Les questions clients

Peut-on monter le volcan si l’on souffre de vertige sévère ?

L’ascension comporte des passages étroits, notamment sur la crête finale, avec des dénivelés abrupts. Le vertige peut être amplifié par la fatigue et l’altitude. Bien que le sentier soit sécurisé, il n’est pas recommandé pour les personnes très sujettes au vertige. L’appui d’un guide ou d’un bâton peut aider, mais la décision finale dépend de l’évaluation personnelle du risque.
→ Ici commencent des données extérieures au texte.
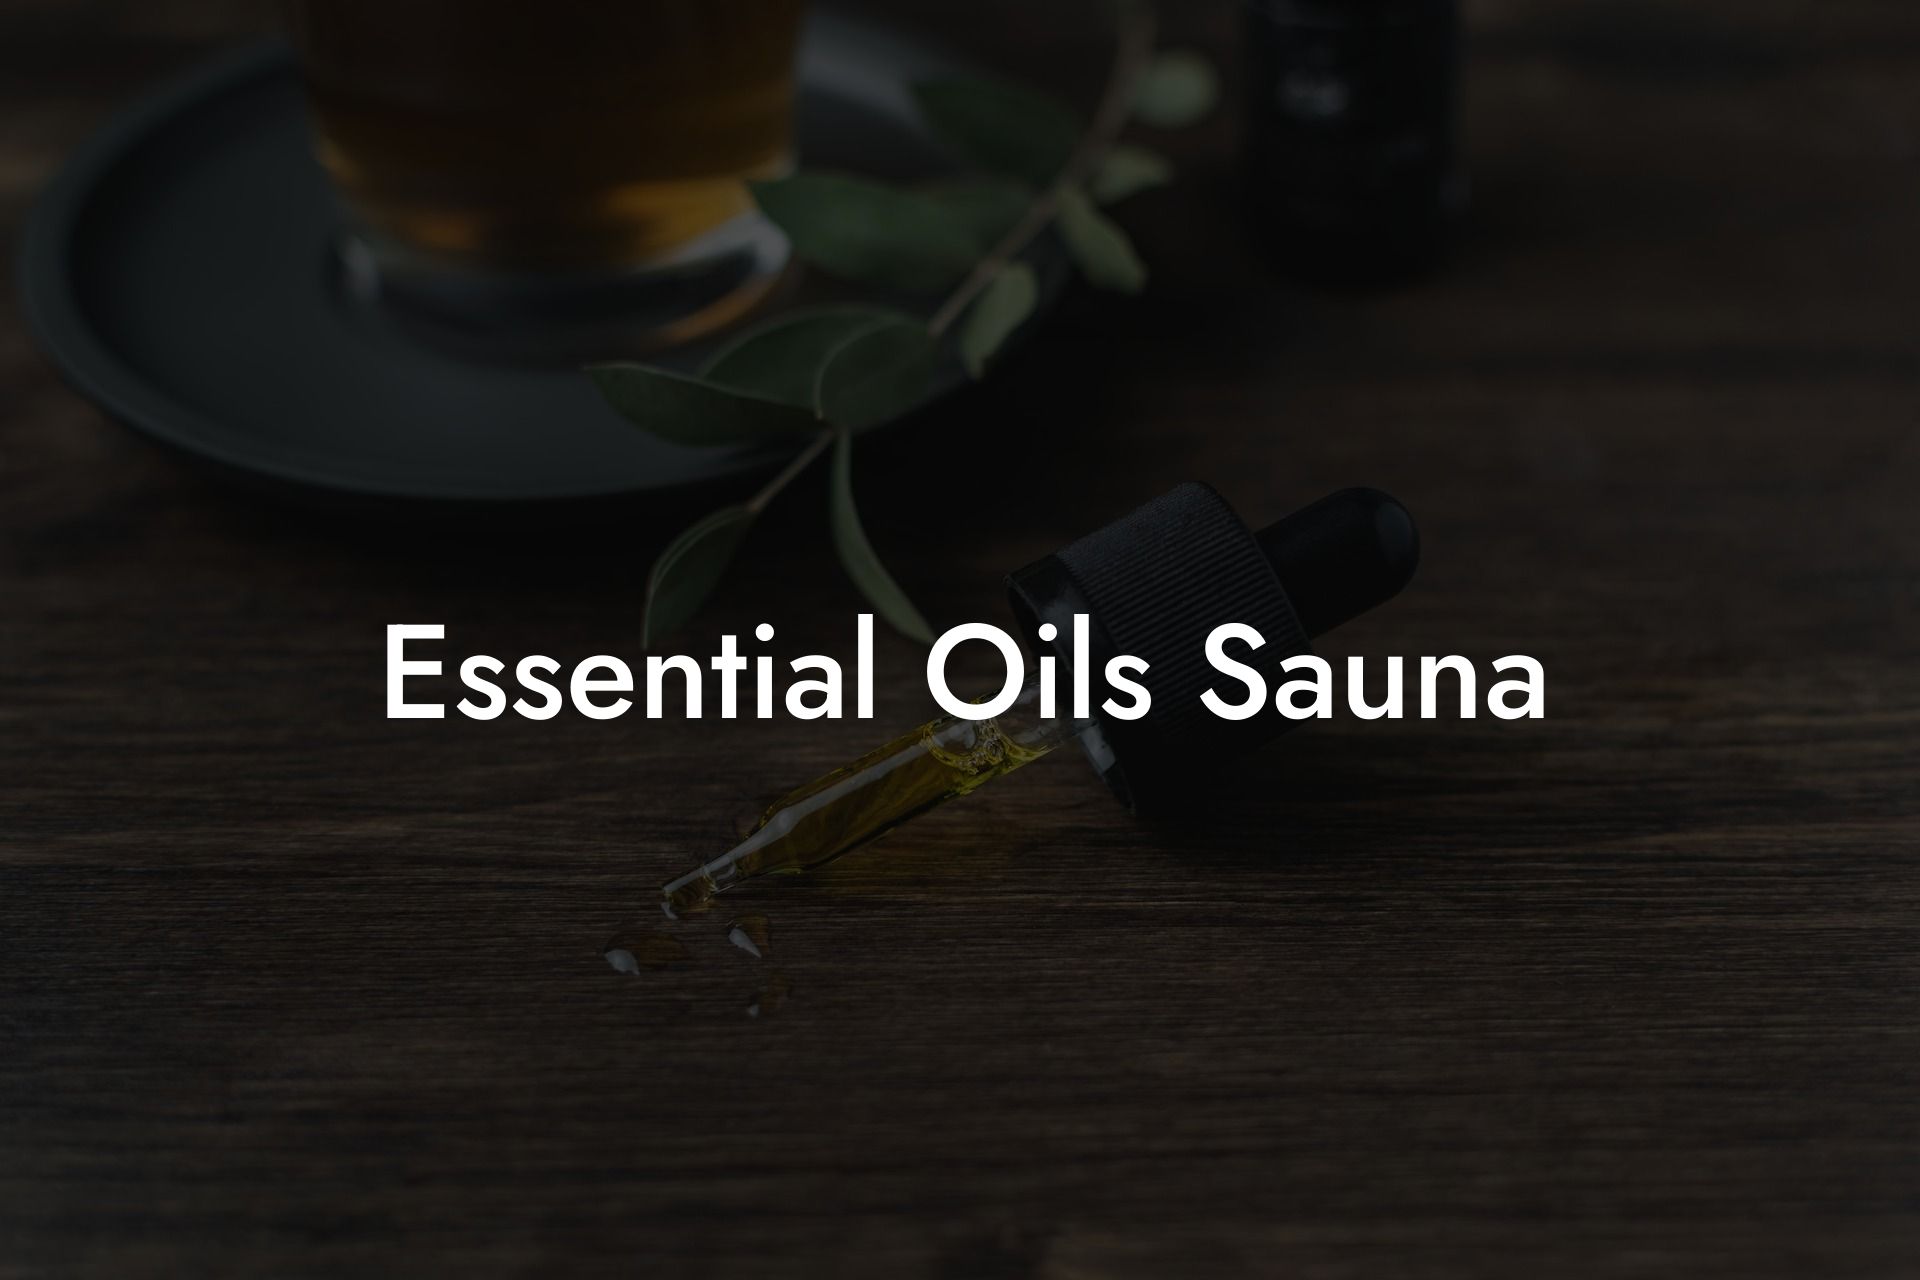 Essential Oils Sauna
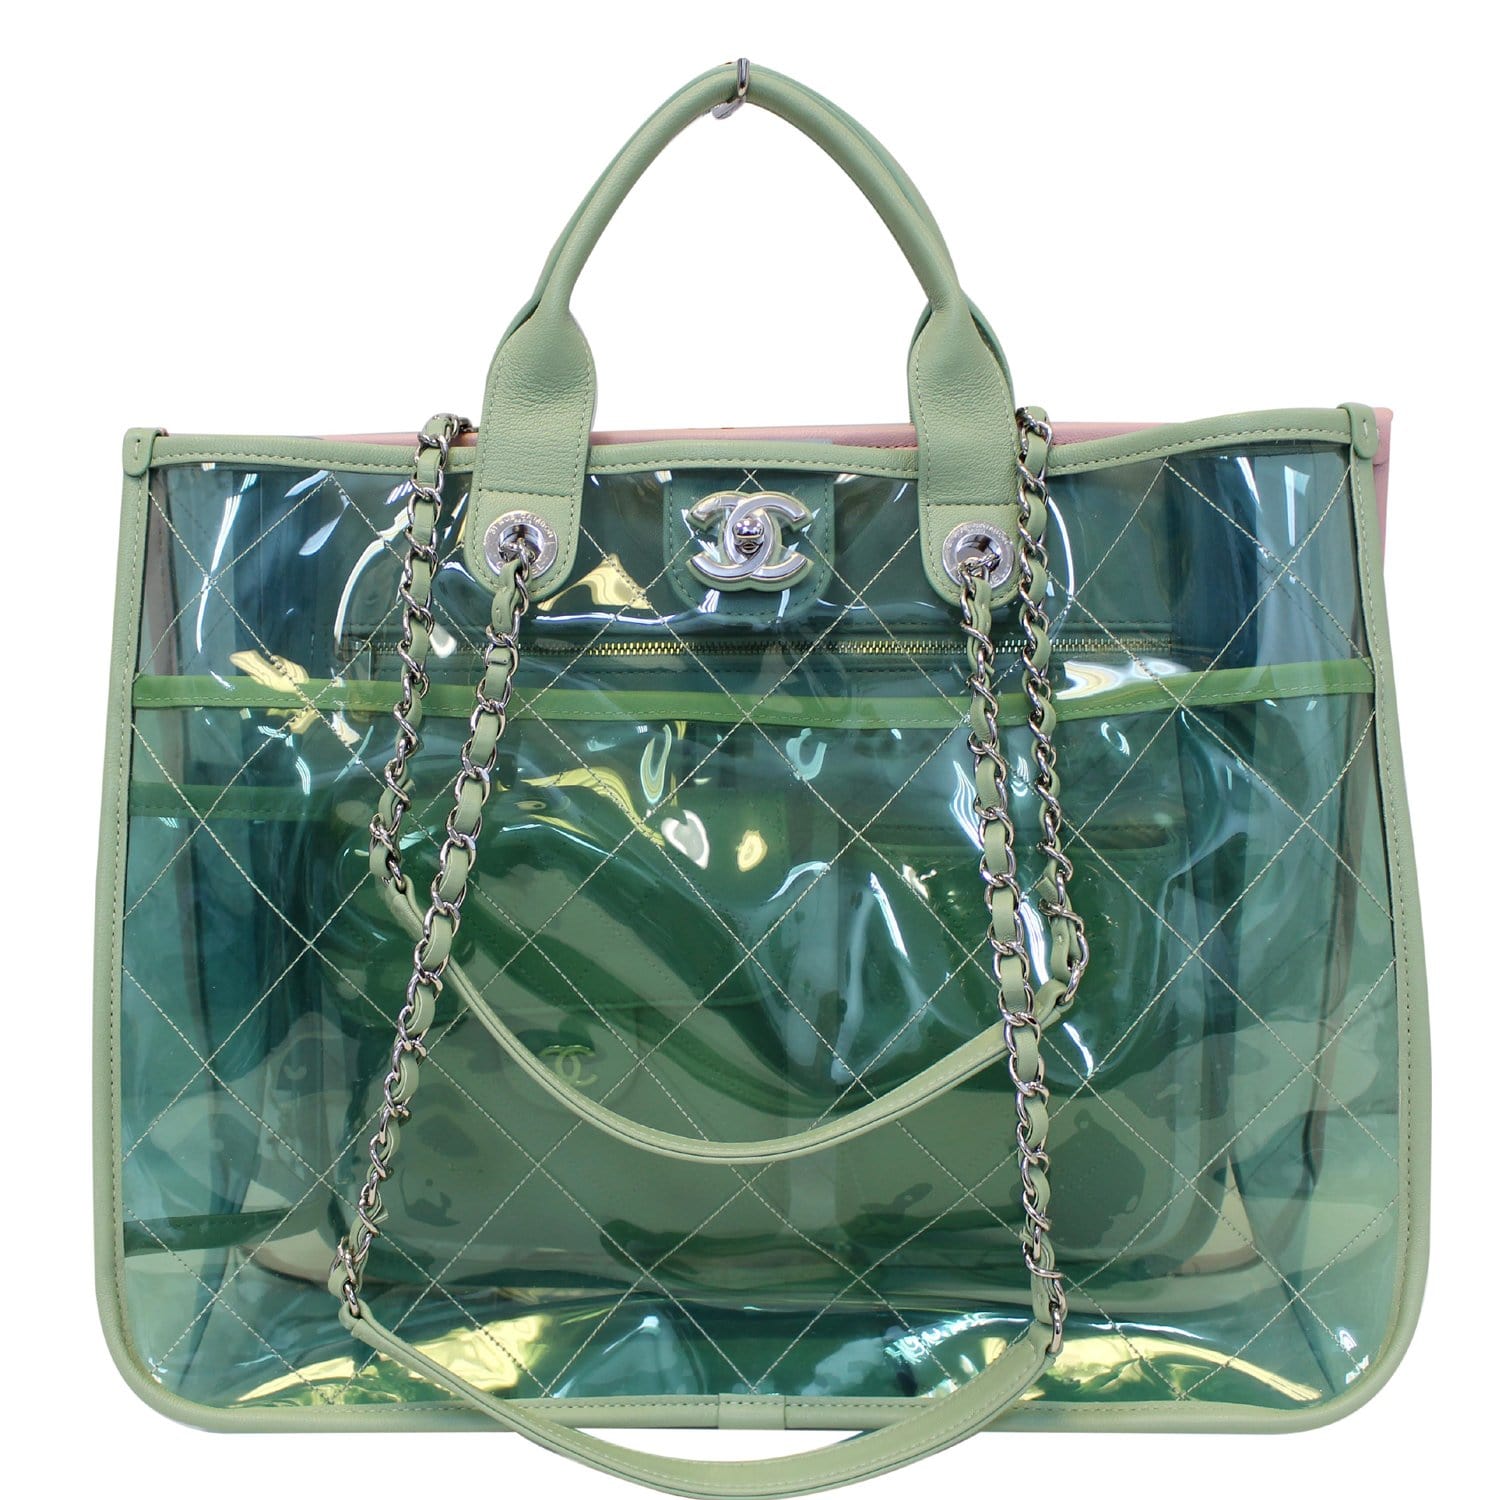 Chanel Lambskin PVC Quilted Medium Coco Splash Shopping Bag Blue

Quelle est l’influence des éruptions de 2021 sur l’accès actuel ?

Les éruptions de 2021 ont modifié la topographie du cratère, mais le sentier principal a été réaménagé et reste sécurisé. Les autorités du parc surveillent étroitement l’activité. Aujourd’hui, les randonnées reprennent normalement, avec des mesures de sécurité renforcées. La visibilité du lac de lave est même parfois meilleure, grâce à la purification des gaz.

Comment récupérer ses photos si le matériel a été exposé aux cendres ?

Les cendres volcaniques sont abrasives et corrosives. Après l’expédition, nettoyez soigneusement l’appareil avec un pinceau doux et un soufflet d’air. Évitez l’eau. Pour les objectifs, démontez-les si possible et essuyez les lentilles avec un tissu microfibre. Stockez le matériel dans un endroit sec et aéré. En cas de doute, faites vérifier par un professionnel dès votre retour.